5. Figure 7 shows a striking result demonstrating how the model can be used to explain an interesting finding that phase of an oscillation can bias perception towards da or ga. The initial papers consider this result to be explained by delays in onset between visual and auditory stimuli whereas this result explains it in terms of the statistical likelihood each syllable. It is a nice reframing which helps me to better understand the previous result.

We agree that this argument is more parsimonious than our original interpretation. Of course, the two are not mutually exclusive (AV delays could also be bigger for less likely syllables). We have mentioned this now in the result section. It now reads: “Note that previously we have interpreted the /daga/ phase-dependent effect as a mapping of differences between natural audio-visual onset delays of the two syllabic types onto oscillatory phase (Ten Oever et al., 2013, Ten Oever and Sack, 2015). However, the current interpretation is not mutually exclusive with this delay-to-phase mapping as audio-visual delays could be bigger for less frequent syllables.”

6. The authors show that syllable lengths are determined in part by the predictability of the word it is a part of. While the authors have reasonably restricted themselves to a single hierarchical level, the point invites the question as to whether all hierarchical levels are governed by similar processes. Should syllables accelerate from beginning to end of a word? Or in more or less predictable phrases?

We would predict that different level word on similar operations. However, there has not been a great deal of research on syllabic predictions and lengthening or shortening of syllables. In figure 2E we show that indeed words with more syllables are shorten than would be expected by summing up the average syllabic duration expected from mono-syllabic words. However, this does not have to be because later syllables are shortened. Note however that this in not directly what we would predict. We predict that the more predictable the next syllable, the shorter the syllable-to-syllable onsets. So if the next word is very unpredictable, the last syllable would actually be longer. Indeed, often it is found that the last syllable of a word is lengthened (Lindblom, 1968). Other studies show that for individual phonemes word frequency can affect the duration of the syllable (Pluymaekers et al., 2005). But also, higher predictability within the word or based on the next word can influence shortening (Luymakers et al., 2005b). In linguistic studies it has been found that also initial syllables of a word are shortened when words are longer (Lehiste, 1972). While this initially seems against our prediction of higher predictability (within a word) leading to shortening, note that these were only a bi- or tri-syllabic words. For these words we would predict that the first syllable would be shortened when the next syllable is predictable which it the case when a producer can access the full word. In sum, whenever transitional boundary to the next syllable are weaker (across than within words) this can lead to (relative) lengthening (as predicted from Figure 3 and Table 2). This needs to be investigated across syllabic, word, and phrasal levels. However, to fully answer this question we would need to investigate the transitional probabilities of the syllables in the corpus. We have added a section on this point in the discussion. It now reads: “It is likely that predictive mechanisms also operate on these higher and syllabic levels. It is known for example that syllables are shortened when the following syllabic content is known versus producing syllables in isolation (Lehiste ,1972, Pluymaekers et al., 2005). Interactions also occur as syllables within more frequency words are generally shortened (Pluymaekers et al., 2005). Therefore, more hierarchical levels need to be added to the current model (but this is possible following equation (1)).”

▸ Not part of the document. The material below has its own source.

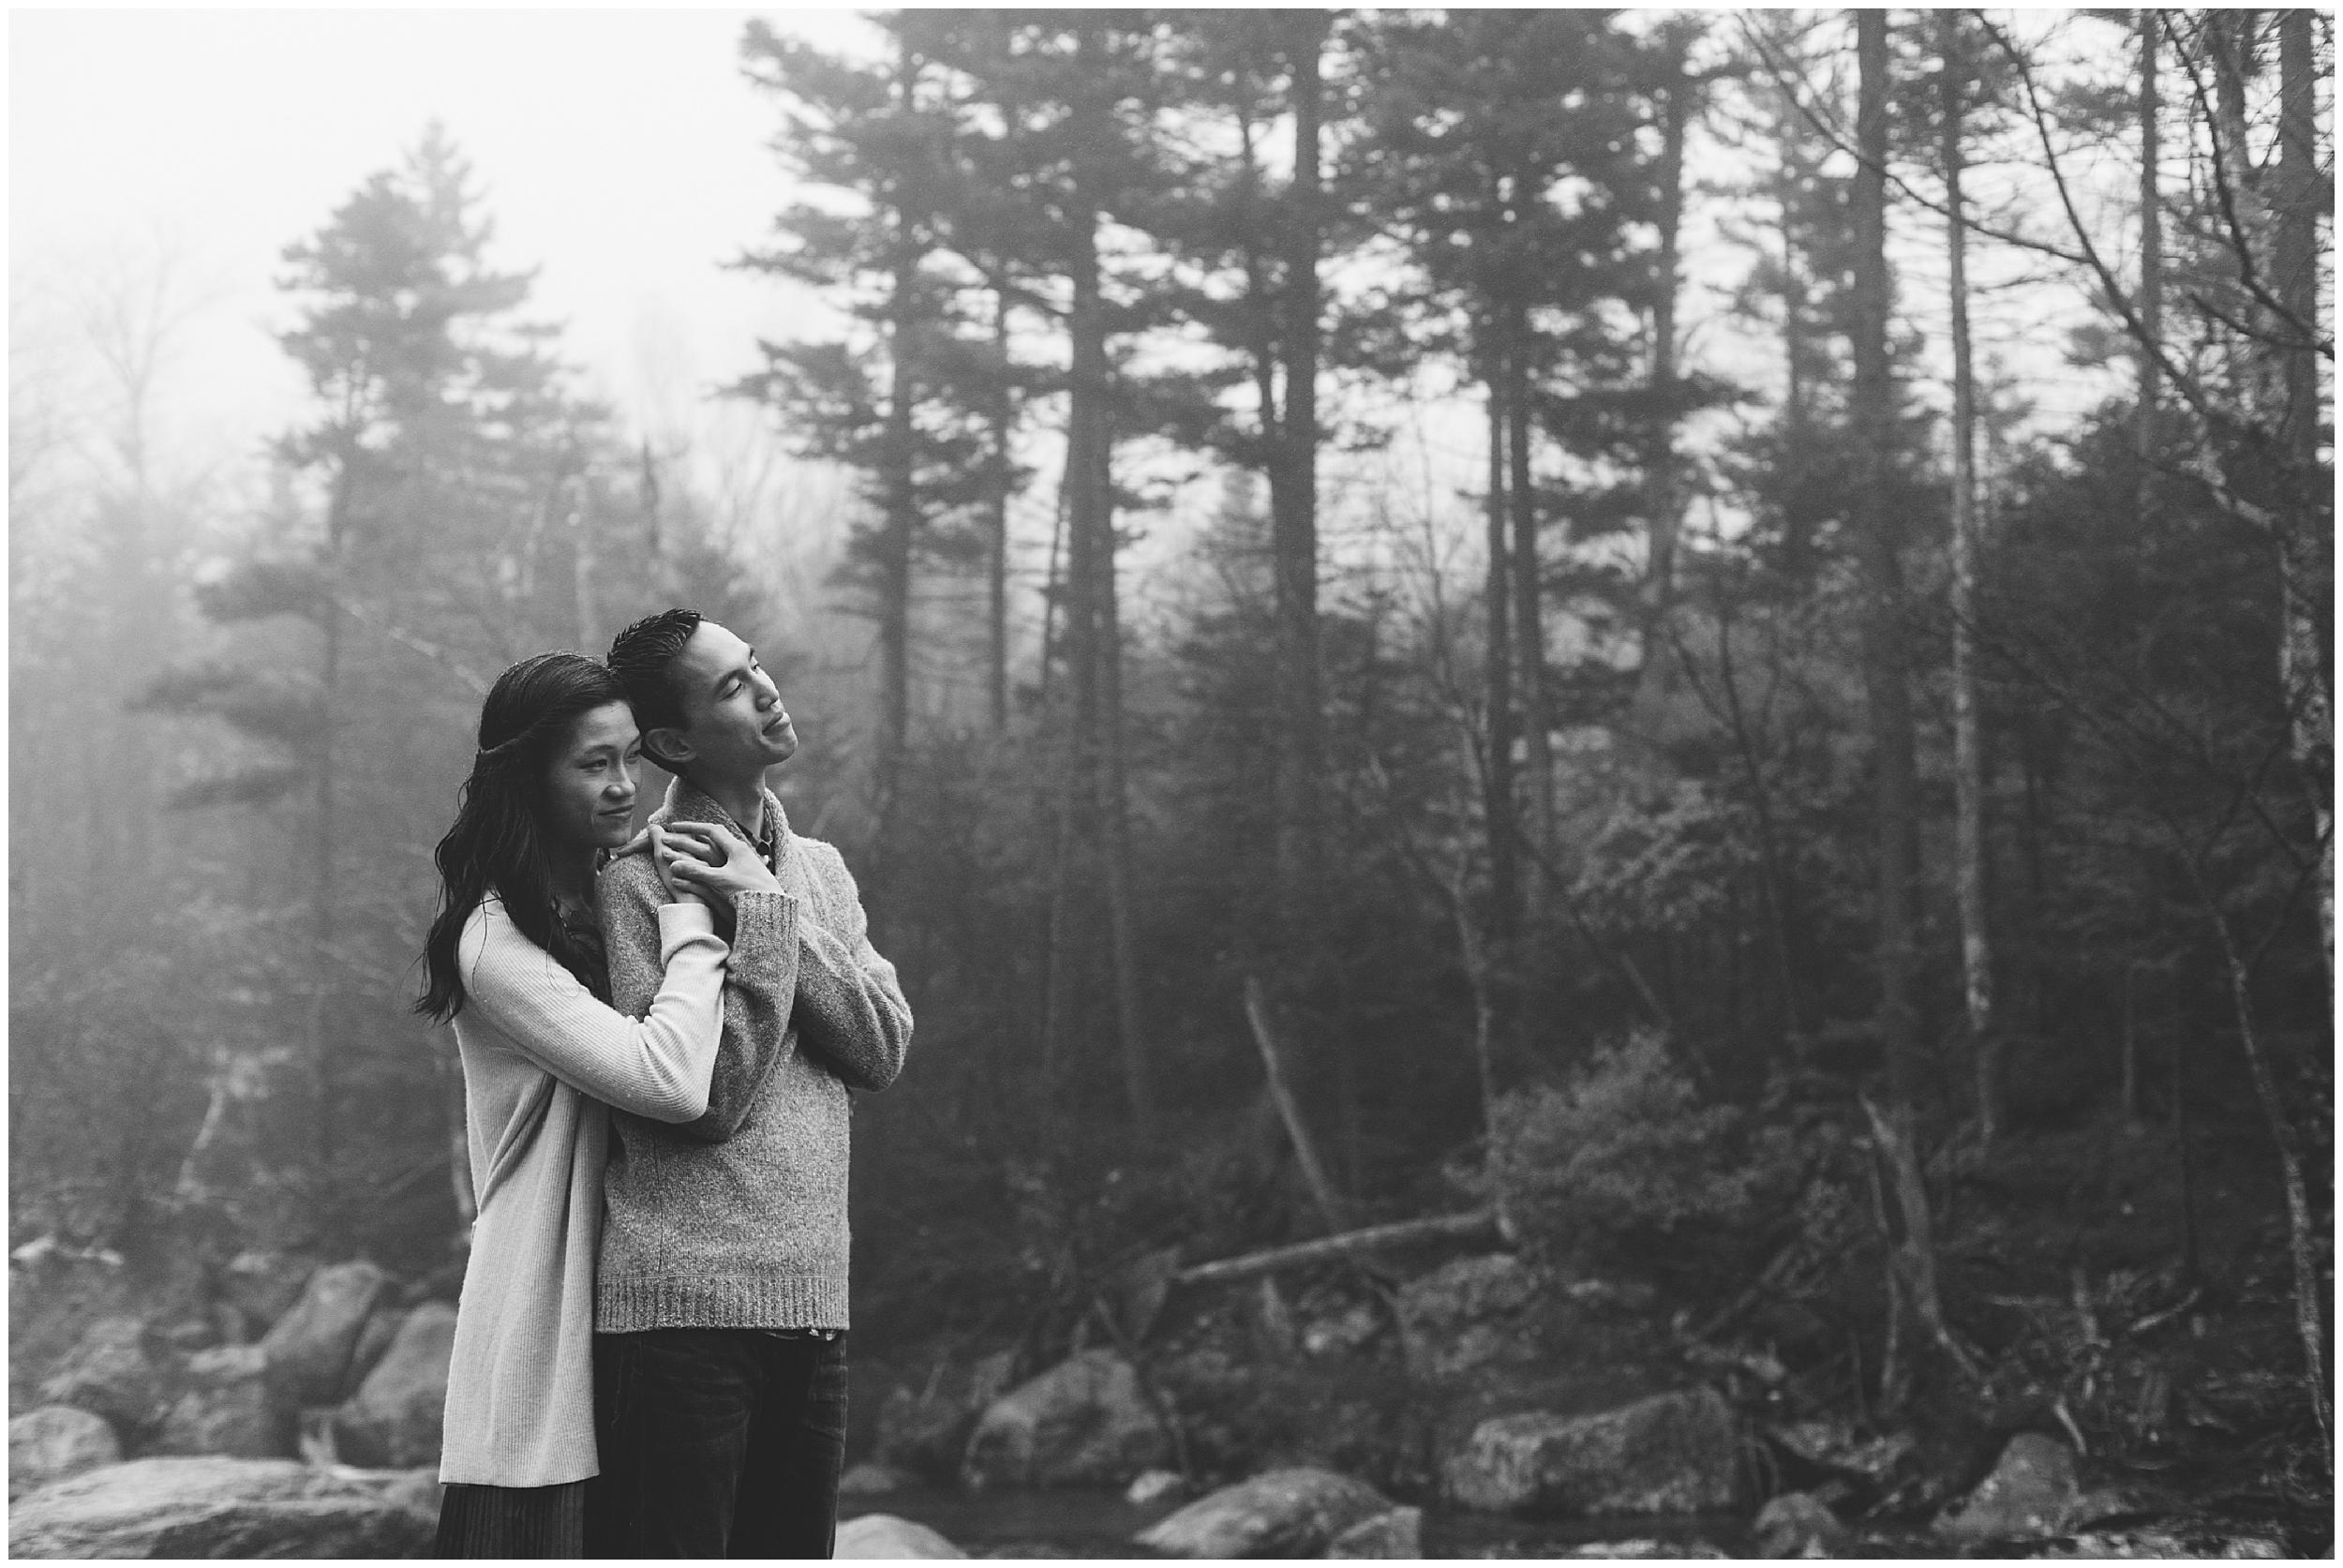 White-Mountains-Engagement-Bailey-Q-Photo-New-Hampshire-Wedding-Photographer-06.jpg
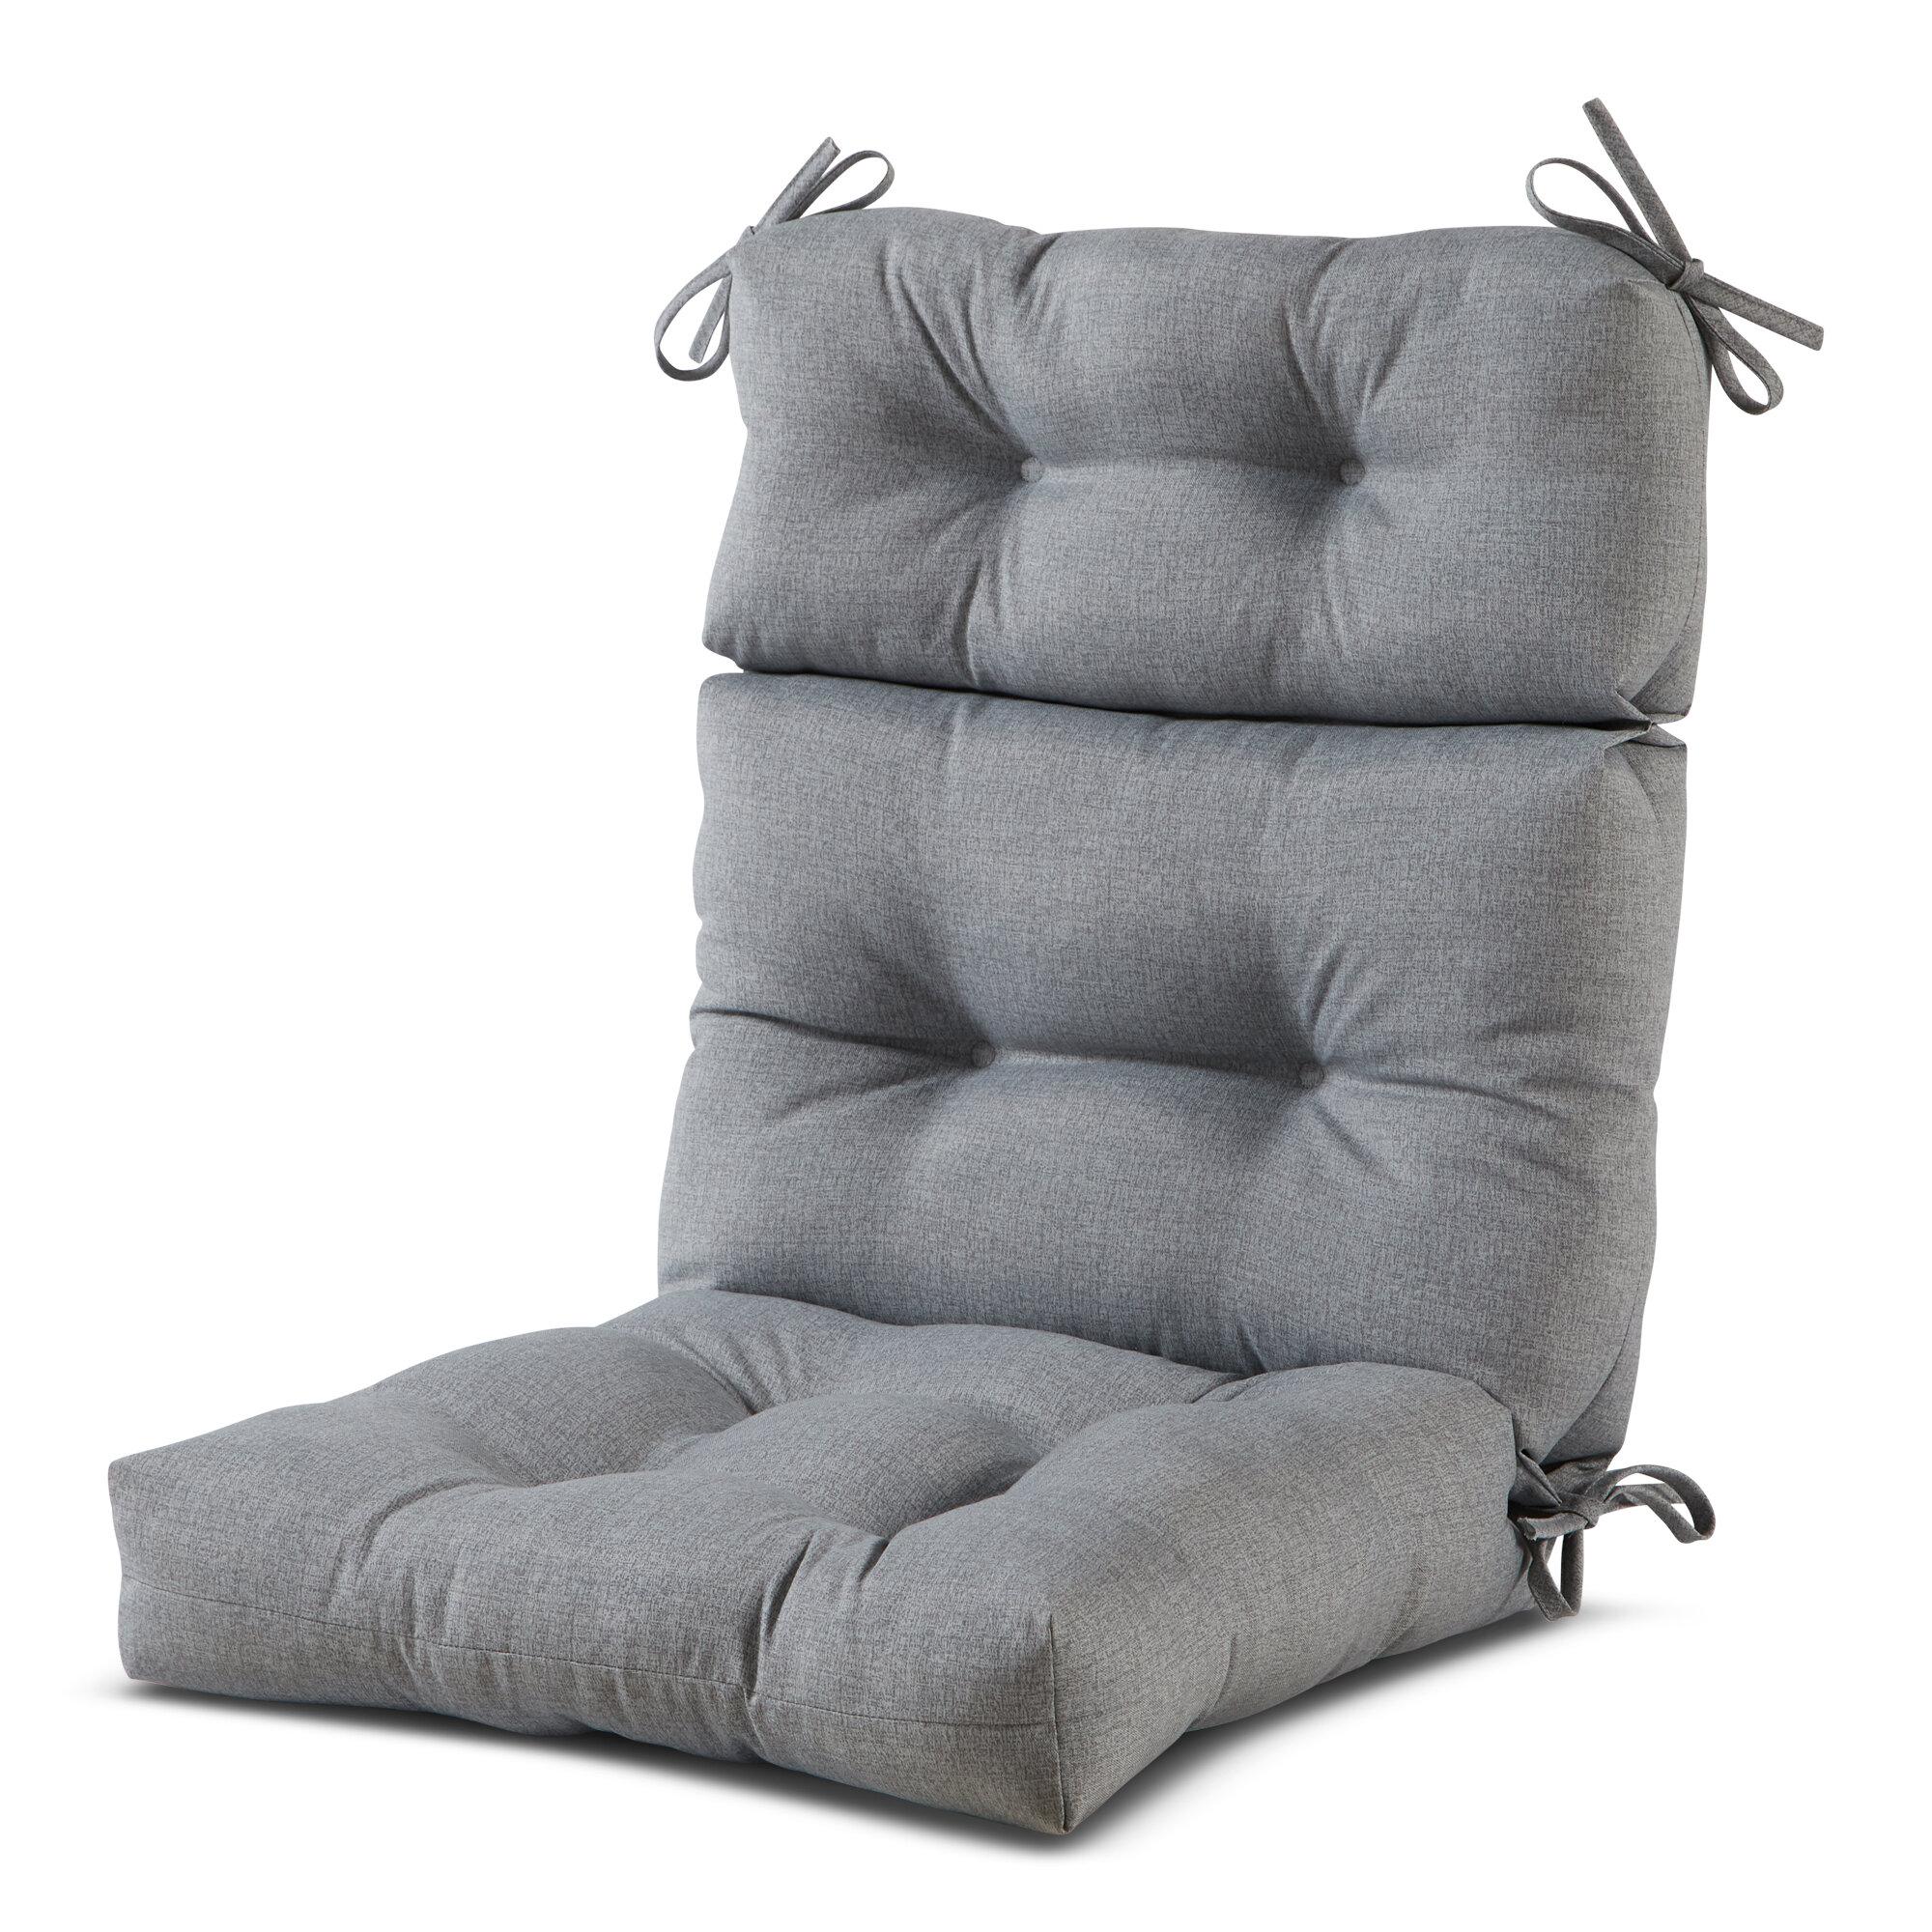 Ebern Designs High Back Outdoor Lounge Chair Cushion Reviews Wayfair

7. Figure 5 shows how an oscillator mechanism can force pseudo-rhythmic stimuli into a more rhythmic code. The authors note that this can be done either by slowing responses to early stimuli and quickening responses to later ones, or by dropping (nodes don't reach threshold) stimuli too far outside the range of the oscillation. The first is an interesting mechanism, the second is potentially detrimental to processing (although it could be used as a means for filtering out noise). The authors should make clear how much deviation is required to invoke the dropping out mechanism and how this threshold relates to the naturalistic case. This would give the reader a clearer view of the flexibility of this model.

The dropping mechanism will only every occur when the stimulus intensity is not high enough. For this specific demonstration we kept the stimulus intensity low to demonstrate the change in sensitivity based on feedback. As the current implementation of the model an intensity of 2.1 would be sufficient to always reach activation also at the least excitable point of the oscillation. We have now clarified this in the manuscript. It now reads: “In regular circumstances we would of course always want to process speech, also when it arrives at a less excitable phase. Note however, that the current stimulus intensities were picked to exactly extract the threshold responses. When we increase our intensity range above 2.1 nodes will always get activated even on the lowest excitable phase of the oscillation.”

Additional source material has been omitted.